▸ Task material
━━━━━━
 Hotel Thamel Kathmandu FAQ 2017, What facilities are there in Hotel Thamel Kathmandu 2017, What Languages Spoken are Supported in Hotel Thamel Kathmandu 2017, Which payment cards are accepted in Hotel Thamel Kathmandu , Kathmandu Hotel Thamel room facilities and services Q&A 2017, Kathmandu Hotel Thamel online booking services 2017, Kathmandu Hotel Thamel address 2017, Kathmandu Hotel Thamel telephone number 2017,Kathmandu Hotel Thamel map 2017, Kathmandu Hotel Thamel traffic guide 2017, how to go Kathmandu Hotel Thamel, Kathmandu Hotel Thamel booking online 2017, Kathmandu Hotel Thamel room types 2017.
━━━━━━
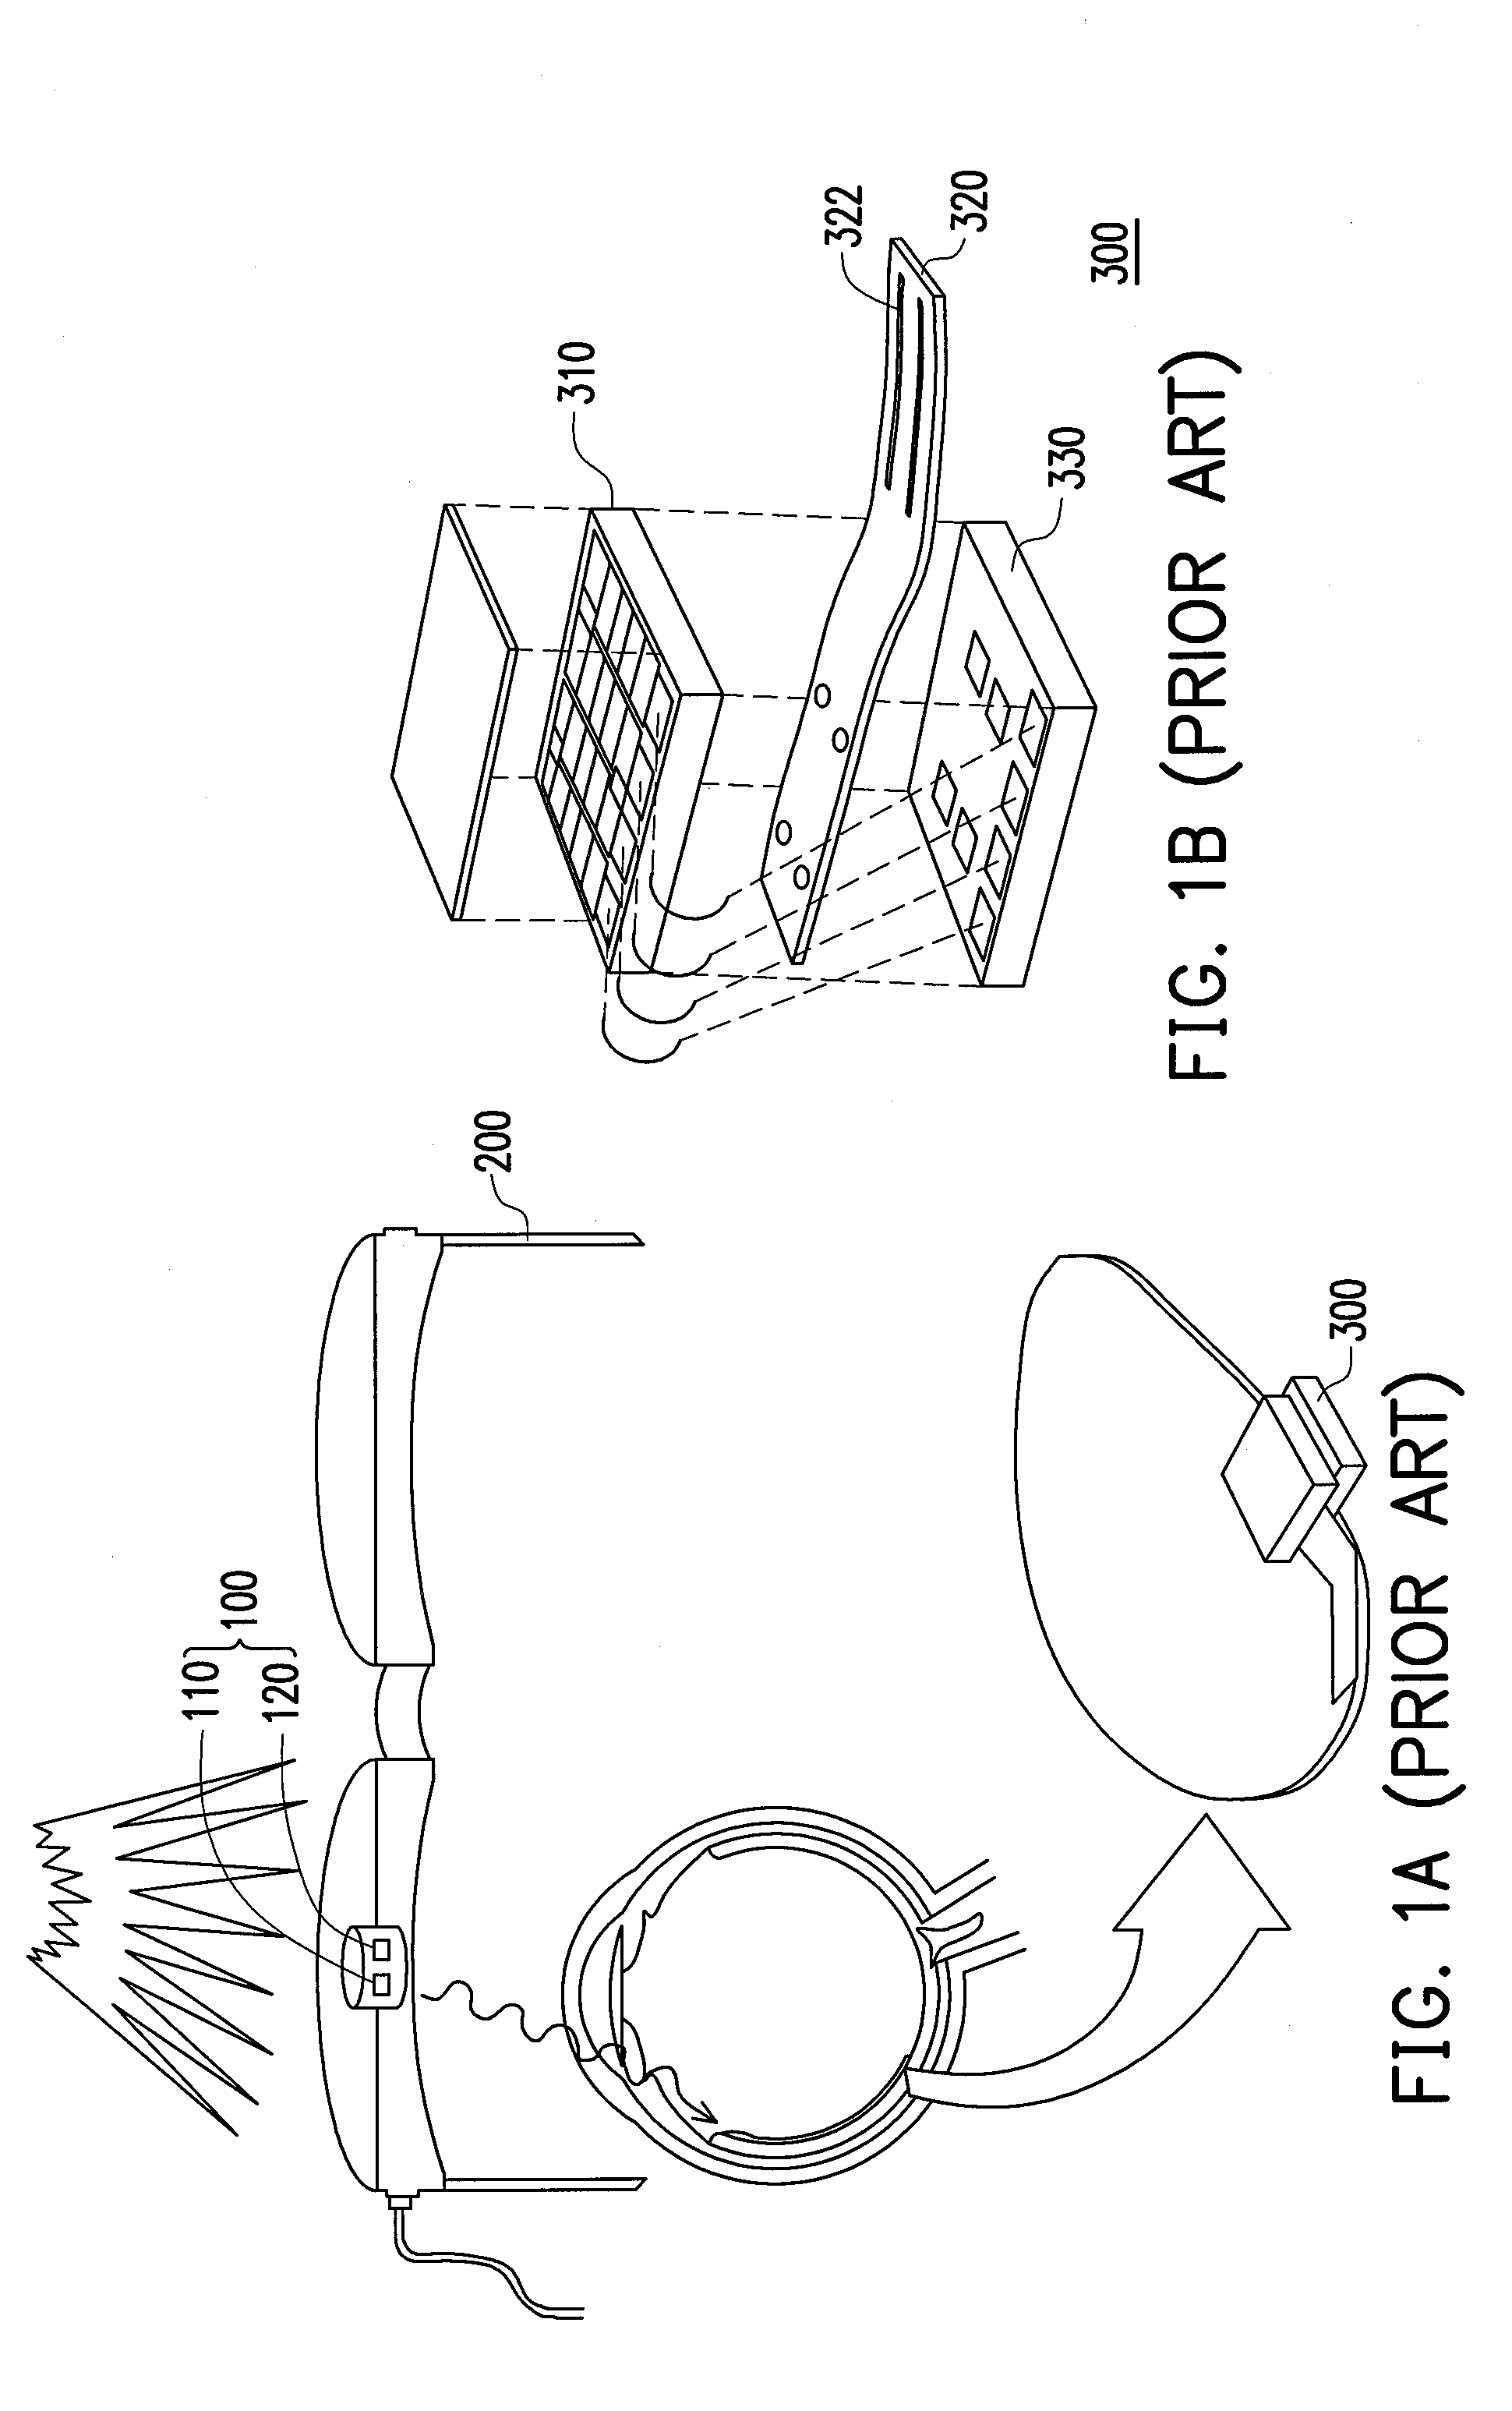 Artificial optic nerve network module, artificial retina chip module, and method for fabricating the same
━━━━━━
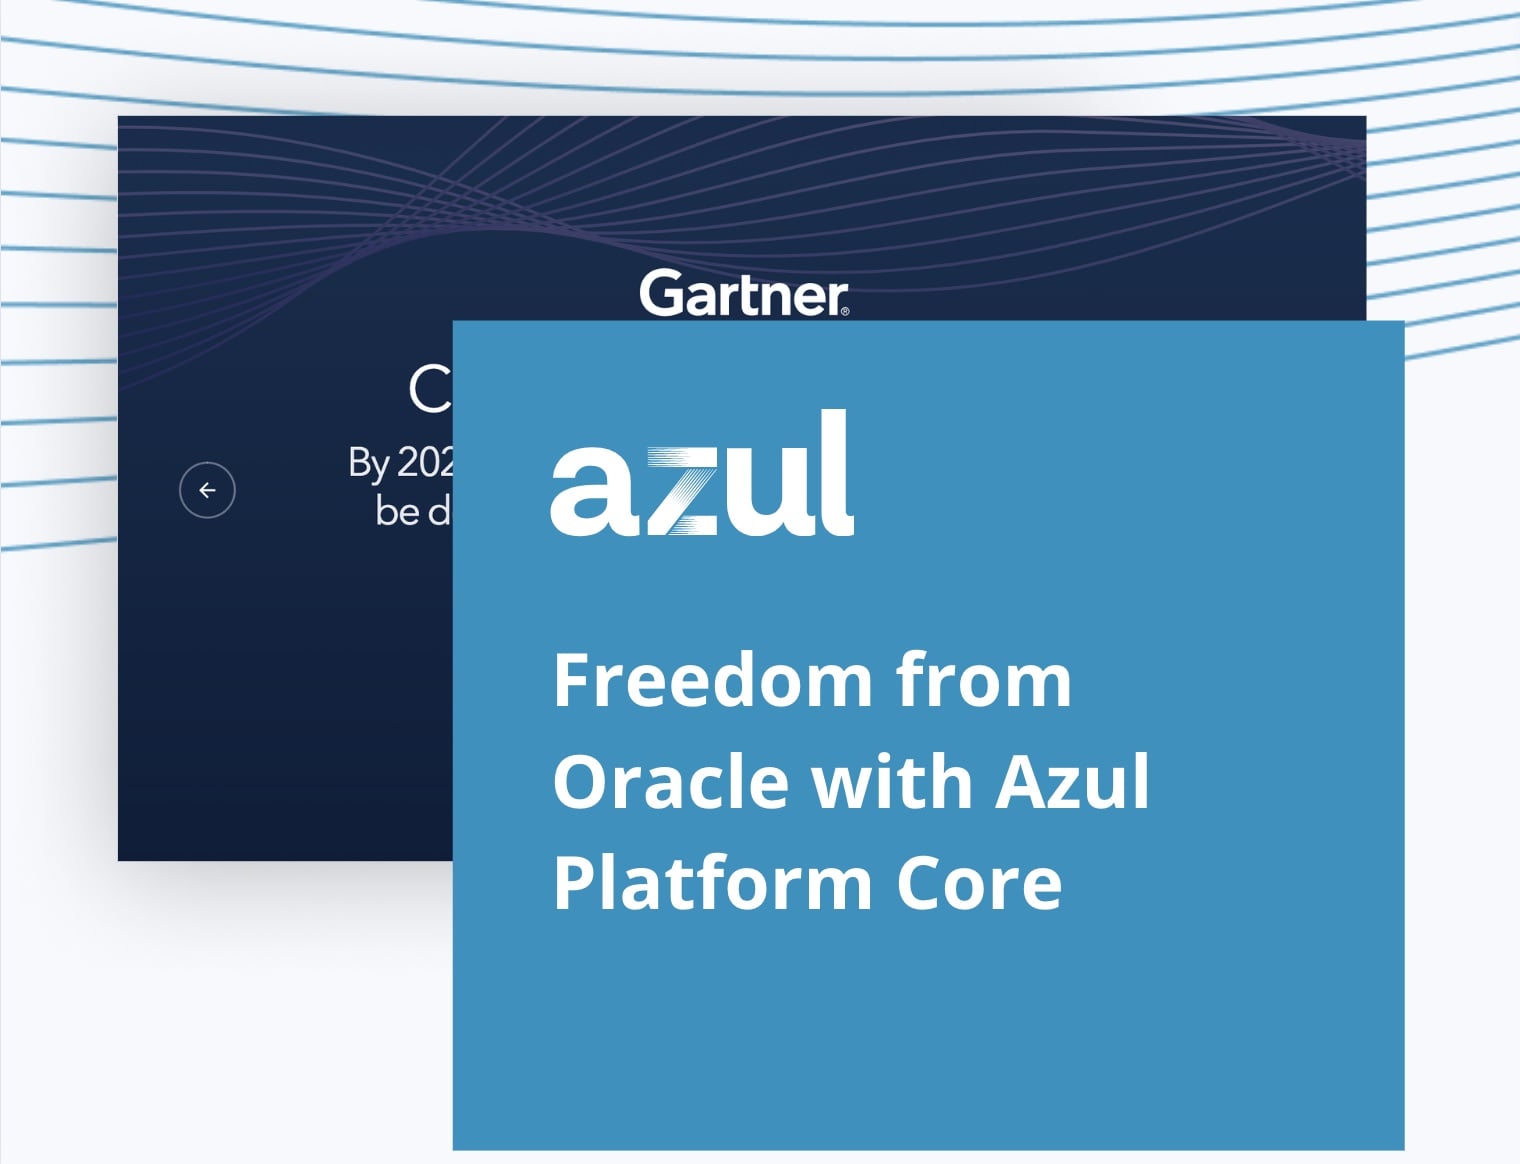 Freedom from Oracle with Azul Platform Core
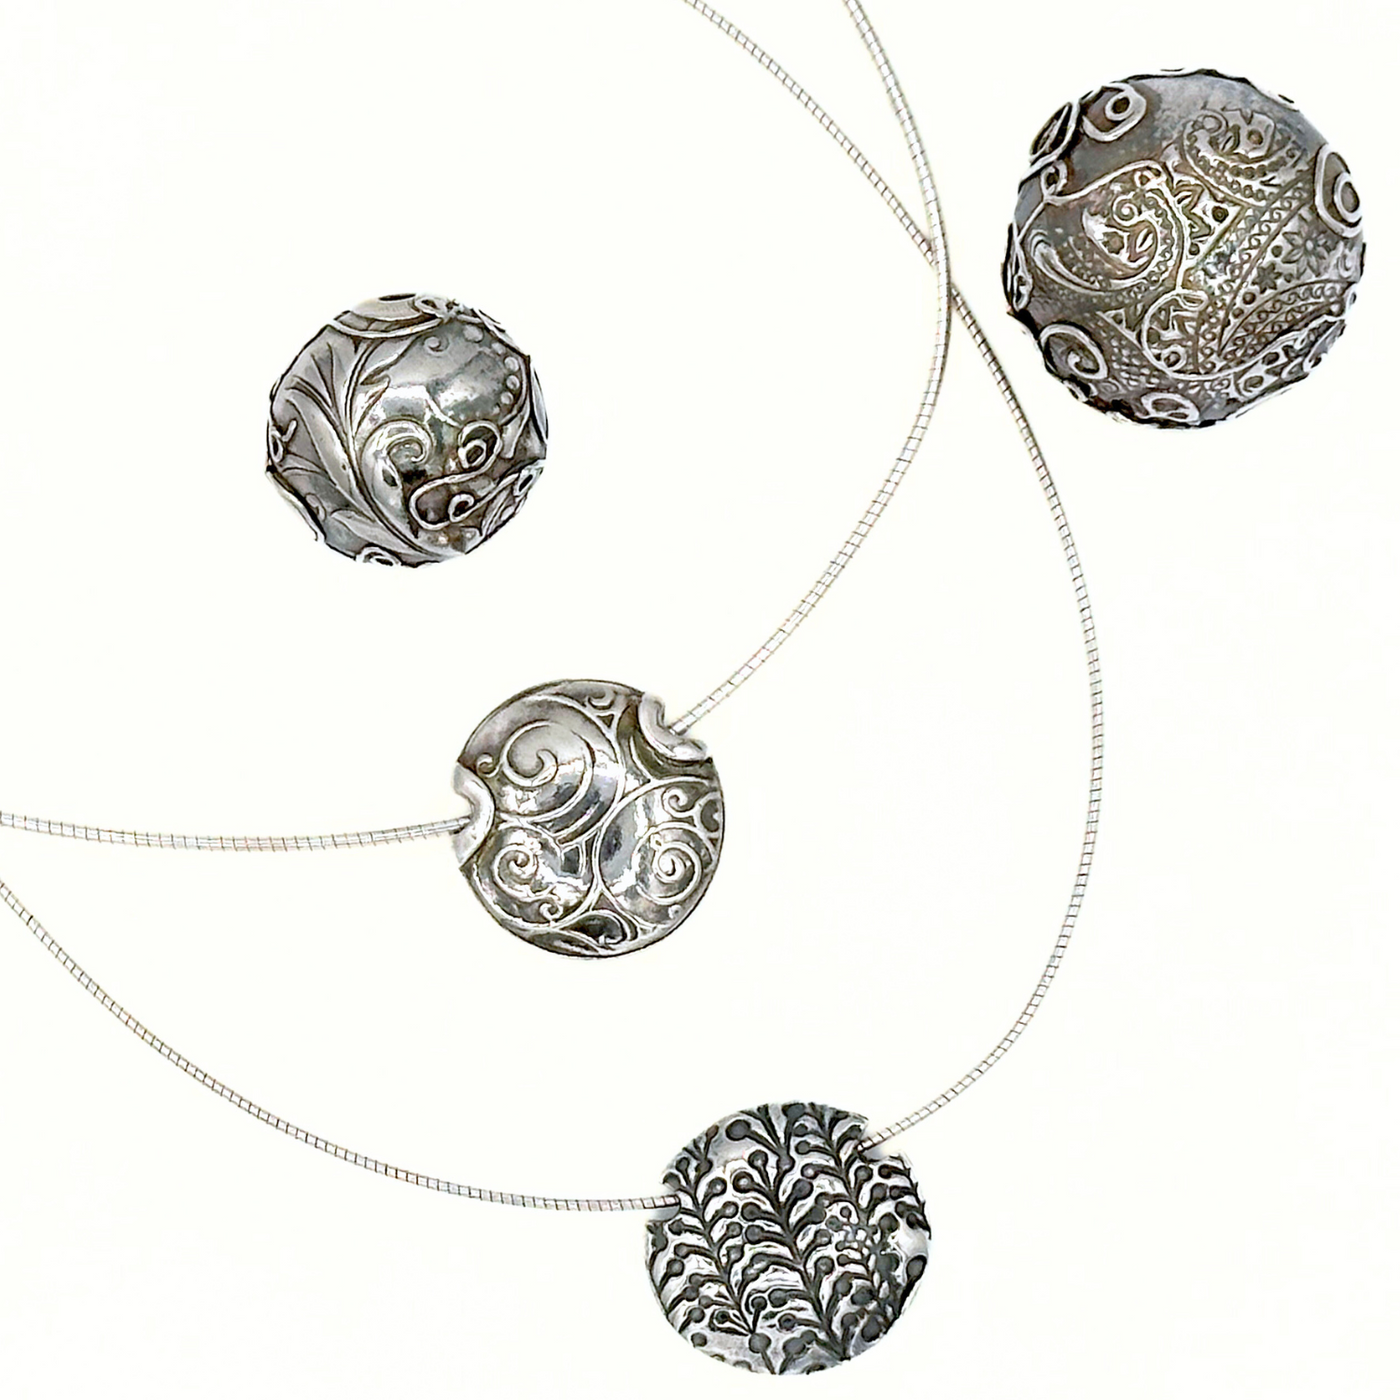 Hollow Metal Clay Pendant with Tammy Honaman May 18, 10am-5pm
━━━━━━
▸ Instructions to follow
Here the job is to copy the listing above word for word, starting at the line with "Freedom from Oracle with Azul Platform Core" and ending at the line with "Hollow Metal Clay", and to leave out the pictures.

▸ Your response
 Freedom from Oracle with Azul Platform Core
 Hollow Metal Clay Pendant with Tammy Honaman May 18, 10am-5pm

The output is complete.